> **DESCRIPTION OF THE TASK**:
Where the line with "Mominul Haque made" appears below, start writing out lines exactly, and finish with the line with "The Evangeline Embroidered Sweater", which is included; write out nothing else.

Stored data entries
%%
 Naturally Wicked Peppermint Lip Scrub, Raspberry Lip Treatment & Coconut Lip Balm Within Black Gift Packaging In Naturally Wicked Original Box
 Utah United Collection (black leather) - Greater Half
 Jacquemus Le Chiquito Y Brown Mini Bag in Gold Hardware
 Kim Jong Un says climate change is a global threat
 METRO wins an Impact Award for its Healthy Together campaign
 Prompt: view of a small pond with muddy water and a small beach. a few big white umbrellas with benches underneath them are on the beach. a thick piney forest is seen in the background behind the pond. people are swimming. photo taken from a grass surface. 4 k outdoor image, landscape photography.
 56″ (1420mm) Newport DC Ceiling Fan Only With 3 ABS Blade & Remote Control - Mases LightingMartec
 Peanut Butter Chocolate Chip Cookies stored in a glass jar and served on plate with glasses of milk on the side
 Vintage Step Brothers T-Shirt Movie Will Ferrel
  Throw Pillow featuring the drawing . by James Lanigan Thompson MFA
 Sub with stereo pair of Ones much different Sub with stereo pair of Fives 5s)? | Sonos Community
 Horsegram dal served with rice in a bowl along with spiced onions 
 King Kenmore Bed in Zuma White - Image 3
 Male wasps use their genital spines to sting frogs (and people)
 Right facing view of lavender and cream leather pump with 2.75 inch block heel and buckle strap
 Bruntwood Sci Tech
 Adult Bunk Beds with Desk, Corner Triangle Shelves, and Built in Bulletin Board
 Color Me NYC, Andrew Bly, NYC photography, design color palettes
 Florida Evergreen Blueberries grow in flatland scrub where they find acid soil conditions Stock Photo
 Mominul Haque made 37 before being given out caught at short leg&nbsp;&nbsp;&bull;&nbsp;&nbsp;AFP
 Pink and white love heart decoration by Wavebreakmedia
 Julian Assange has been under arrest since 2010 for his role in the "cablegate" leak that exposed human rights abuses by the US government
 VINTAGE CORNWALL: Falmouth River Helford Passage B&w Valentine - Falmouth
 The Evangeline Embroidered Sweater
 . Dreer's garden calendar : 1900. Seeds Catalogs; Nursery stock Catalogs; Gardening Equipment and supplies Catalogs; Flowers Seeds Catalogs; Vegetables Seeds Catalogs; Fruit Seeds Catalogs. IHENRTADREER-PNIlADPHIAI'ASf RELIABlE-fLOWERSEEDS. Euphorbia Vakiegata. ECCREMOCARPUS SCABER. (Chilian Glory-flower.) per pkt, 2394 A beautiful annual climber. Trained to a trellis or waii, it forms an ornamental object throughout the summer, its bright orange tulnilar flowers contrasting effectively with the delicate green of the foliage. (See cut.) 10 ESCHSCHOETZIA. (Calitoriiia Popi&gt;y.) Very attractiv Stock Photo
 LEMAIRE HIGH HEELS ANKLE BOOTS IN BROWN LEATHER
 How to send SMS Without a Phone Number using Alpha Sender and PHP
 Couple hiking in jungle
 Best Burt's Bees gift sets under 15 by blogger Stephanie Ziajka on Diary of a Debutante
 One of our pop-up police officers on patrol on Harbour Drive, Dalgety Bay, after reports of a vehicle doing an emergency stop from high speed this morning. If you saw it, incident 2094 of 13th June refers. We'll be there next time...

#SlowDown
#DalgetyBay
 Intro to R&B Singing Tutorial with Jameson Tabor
%%
> **EXERCISE RESULT**:
 Mominul Haque made 37 before being given out caught at short leg&nbsp;&nbsp;&bull;&nbsp;&nbsp;AFP
 Pink and white love heart decoration by Wavebreakmedia
 Julian Assange has been under arrest since 2010 for his role in the "cablegate" leak that exposed human rights abuses by the US government
 VINTAGE CORNWALL: Falmouth River Helford Passage B&w Valentine - Falmouth
 The Evangeline Embroidered Sweater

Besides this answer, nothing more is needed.